# Collected data
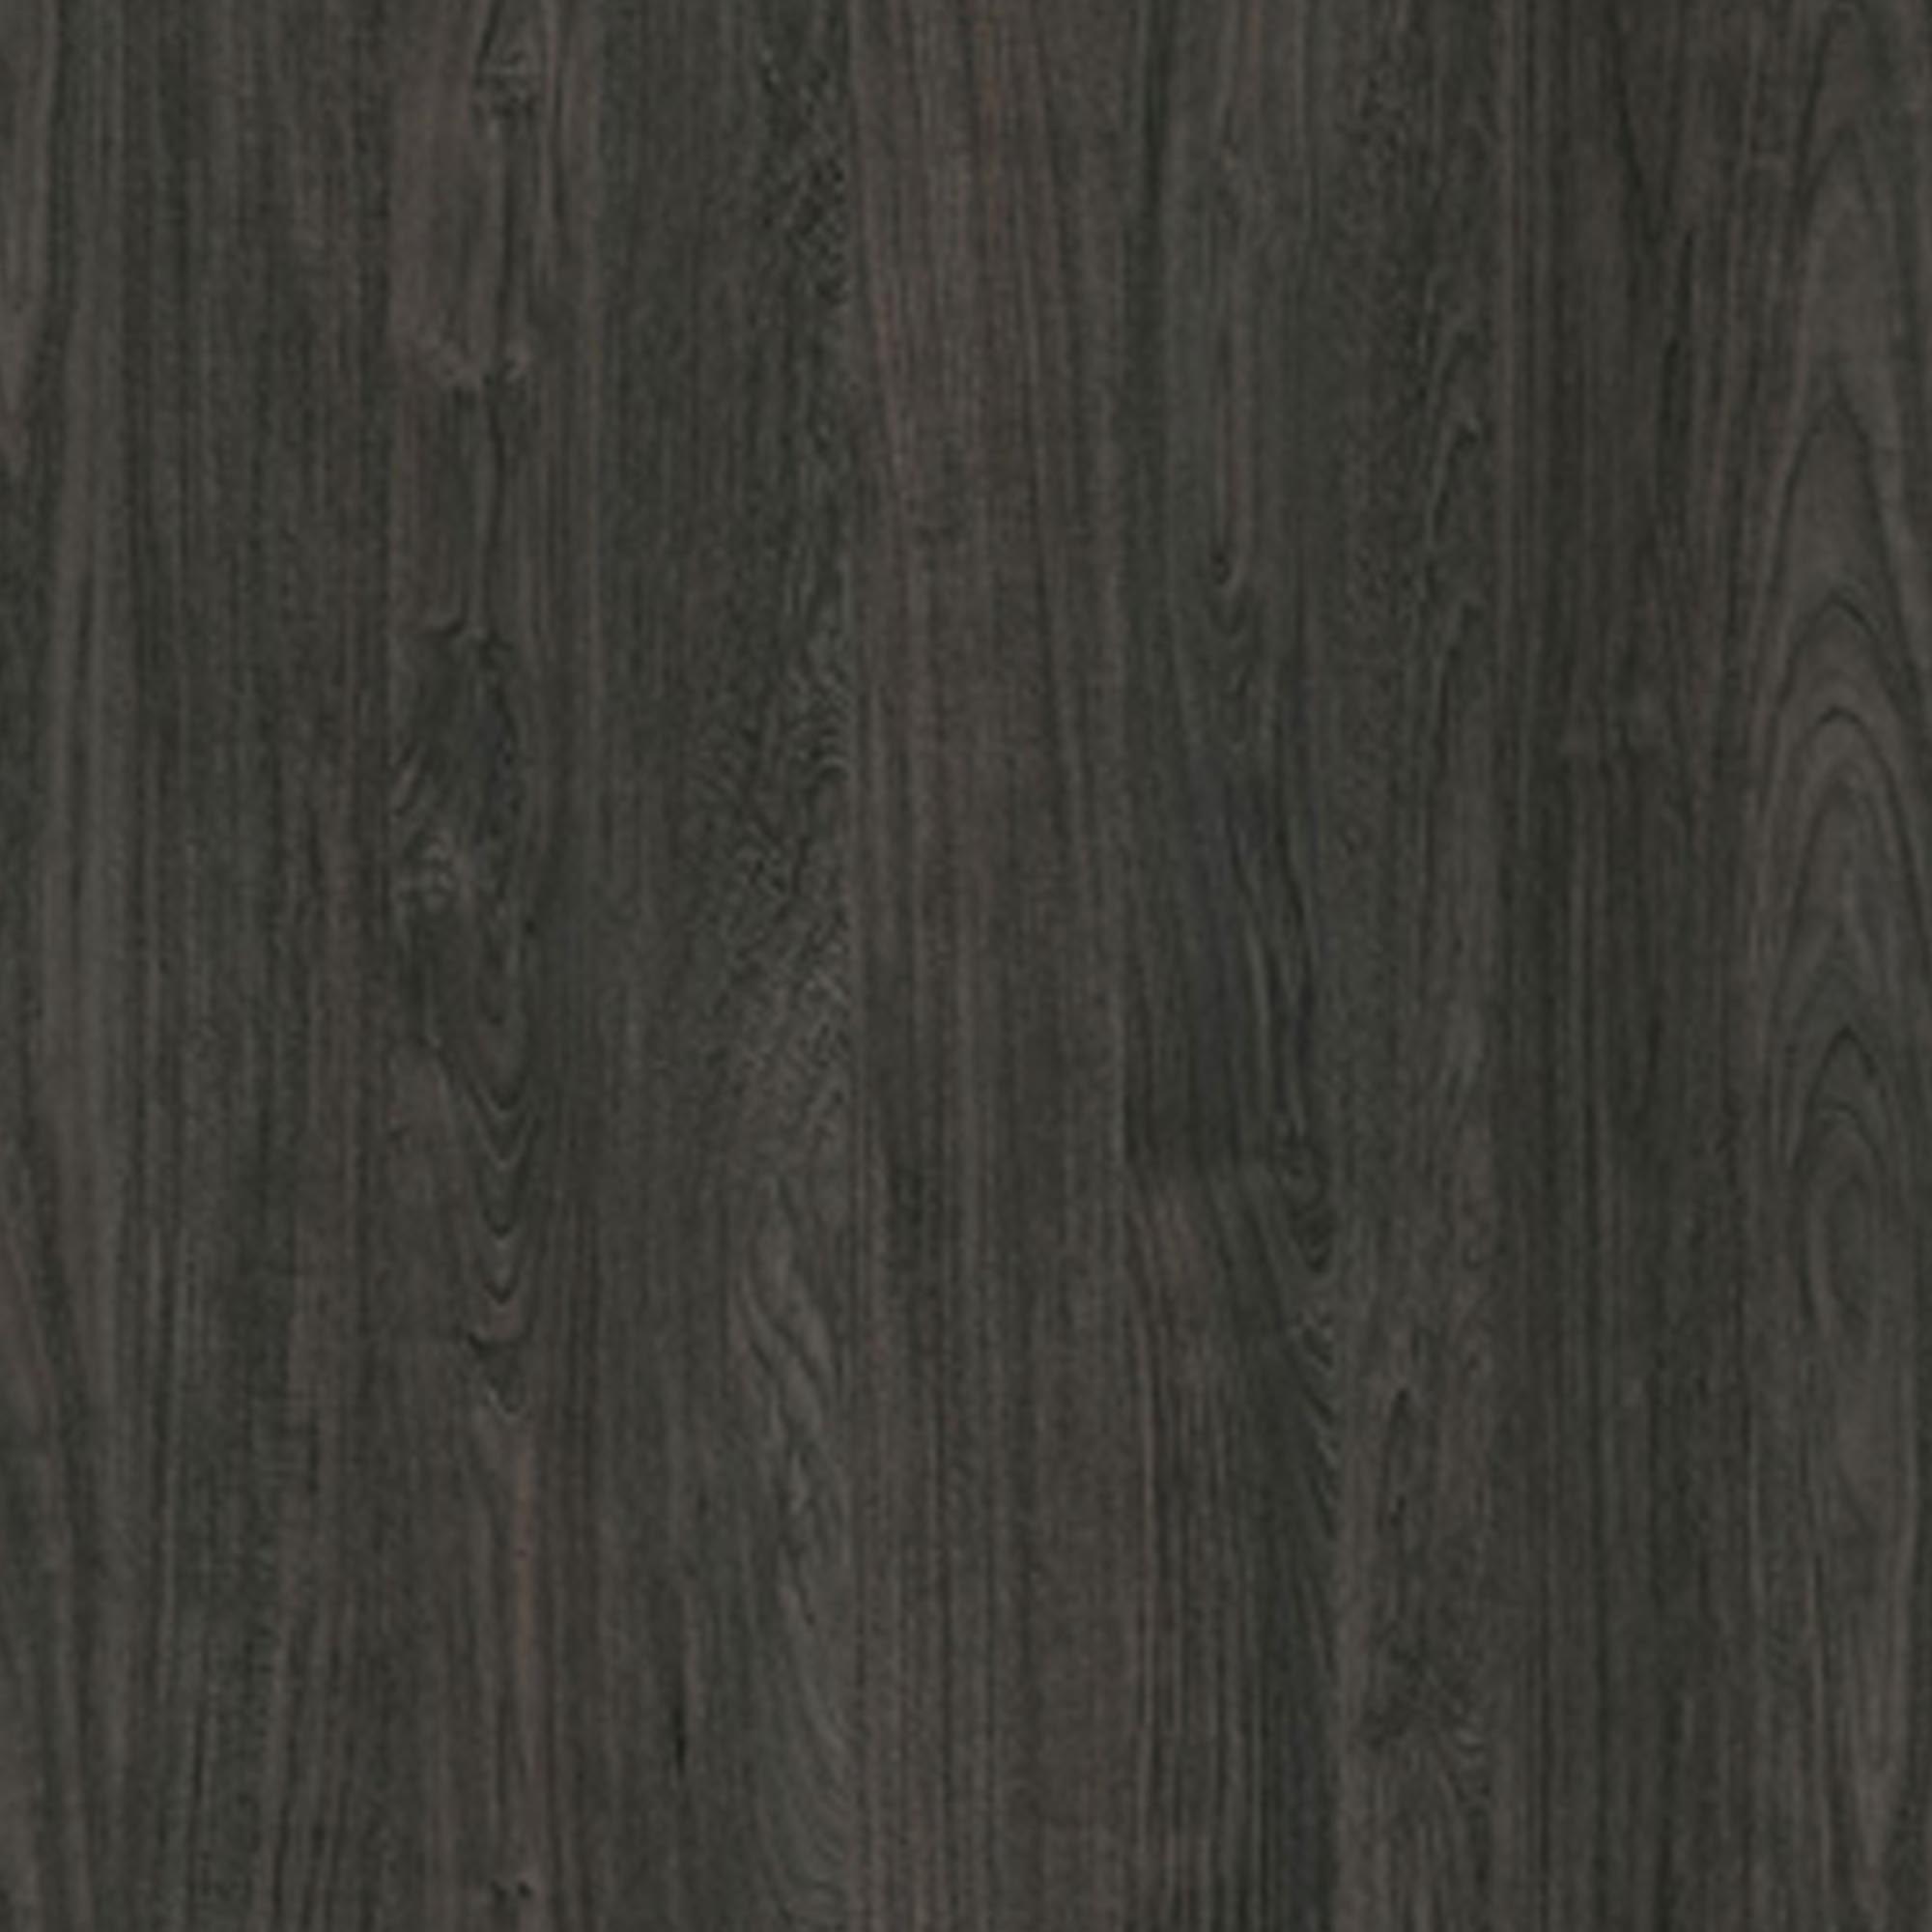 Tamara 240 konyhabútor szett - szénfa / hamuszürke márvány / fekete Készlet bútorok kuchennych tamara 240 - carbon wood / hamu márvány / fekete
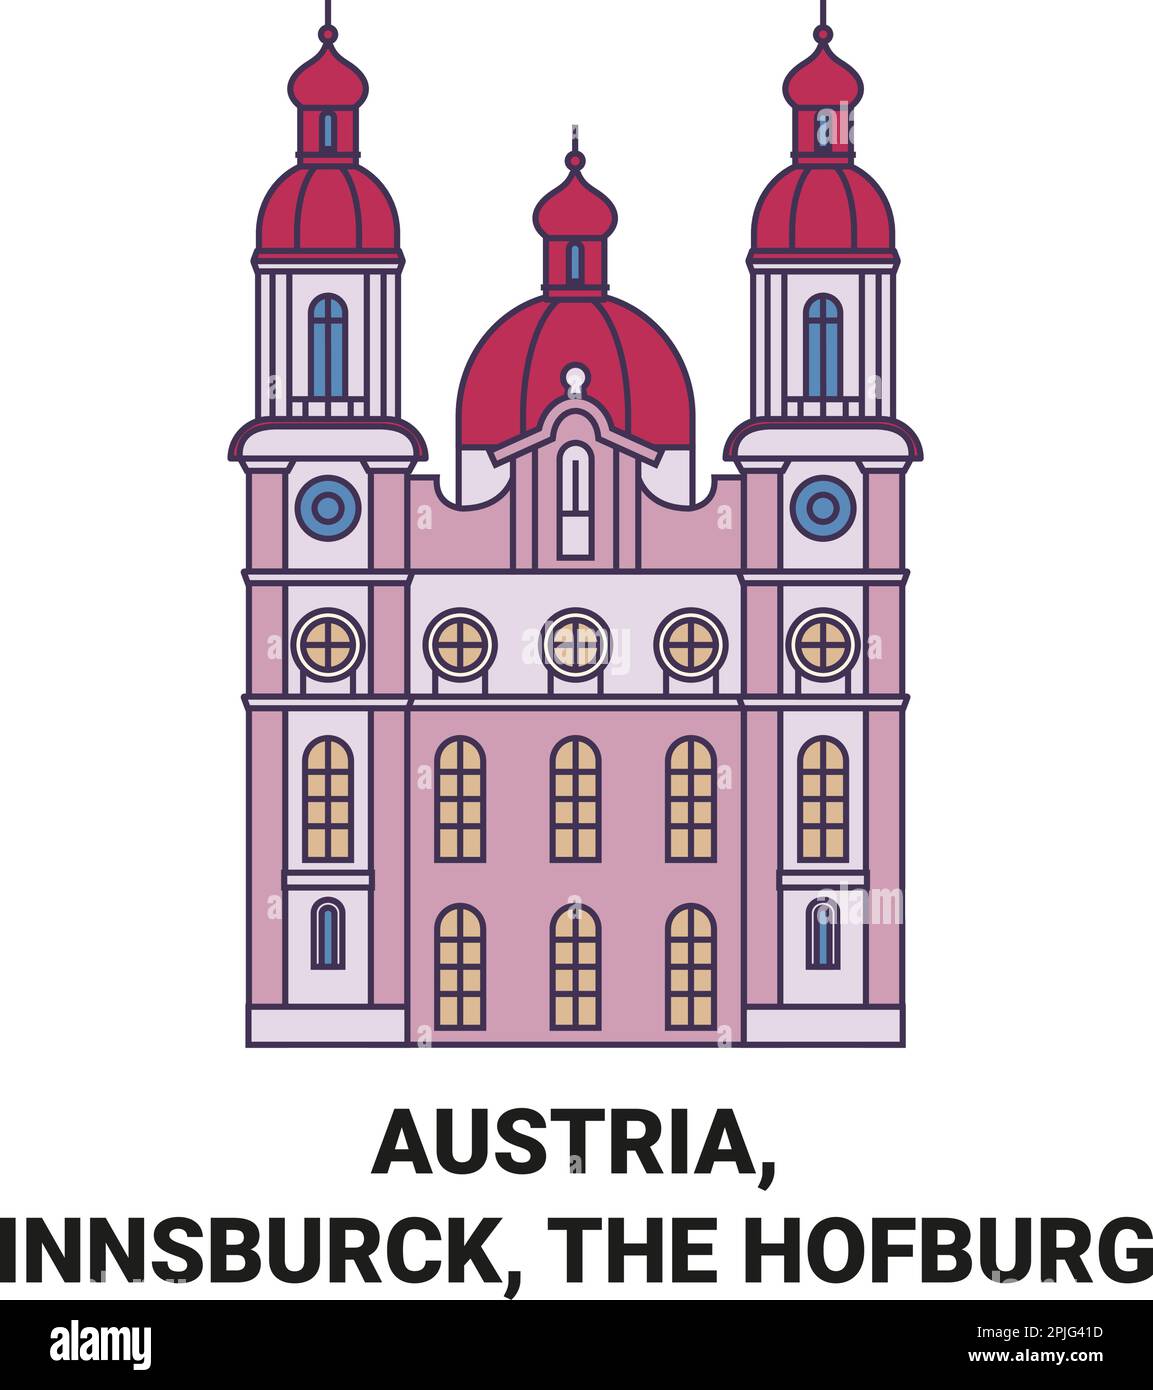 Österreich, Innsburck, die Hofburg Reise-Wahrzeichen-Vektordarstellung Stock Vektor
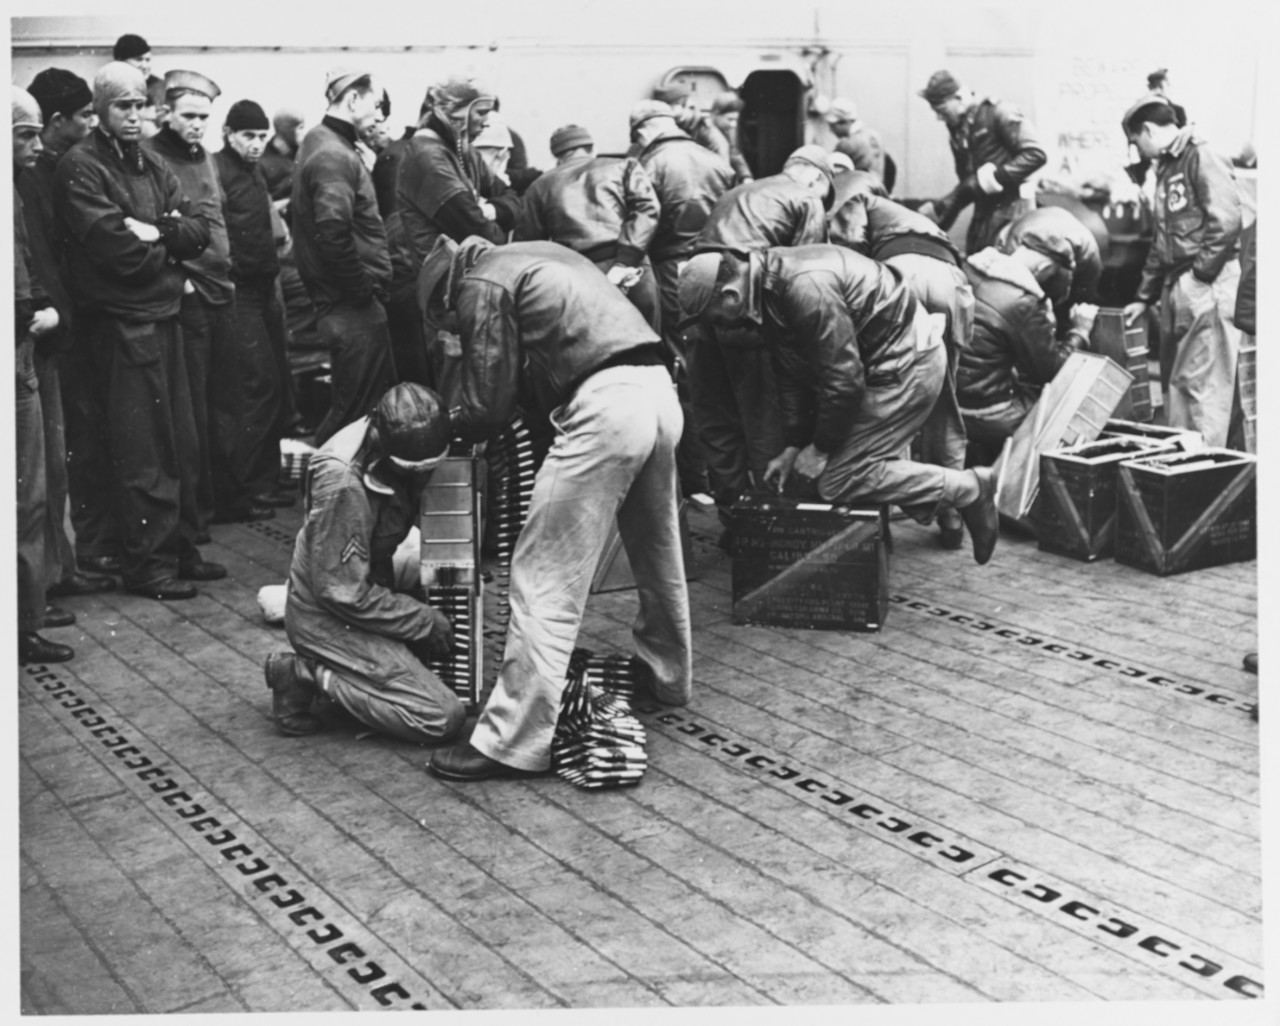 NH 53424 Doolittle Raid on Japan, 18 April 1942

# Directions for this task
Repeat the material above verbatim. Leave the pictures behind.

# Response below
 Tamara 240 konyhabútor szett - szénfa / hamuszürke márvány / fekete Készlet bútorok kuchennych tamara 240 - carbon wood / hamu márvány / fekete
 Österreich, Innsburck, die Hofburg Reise-Wahrzeichen-Vektordarstellung Stock Vektor
 NH 53424 Doolittle Raid on Japan, 18 April 1942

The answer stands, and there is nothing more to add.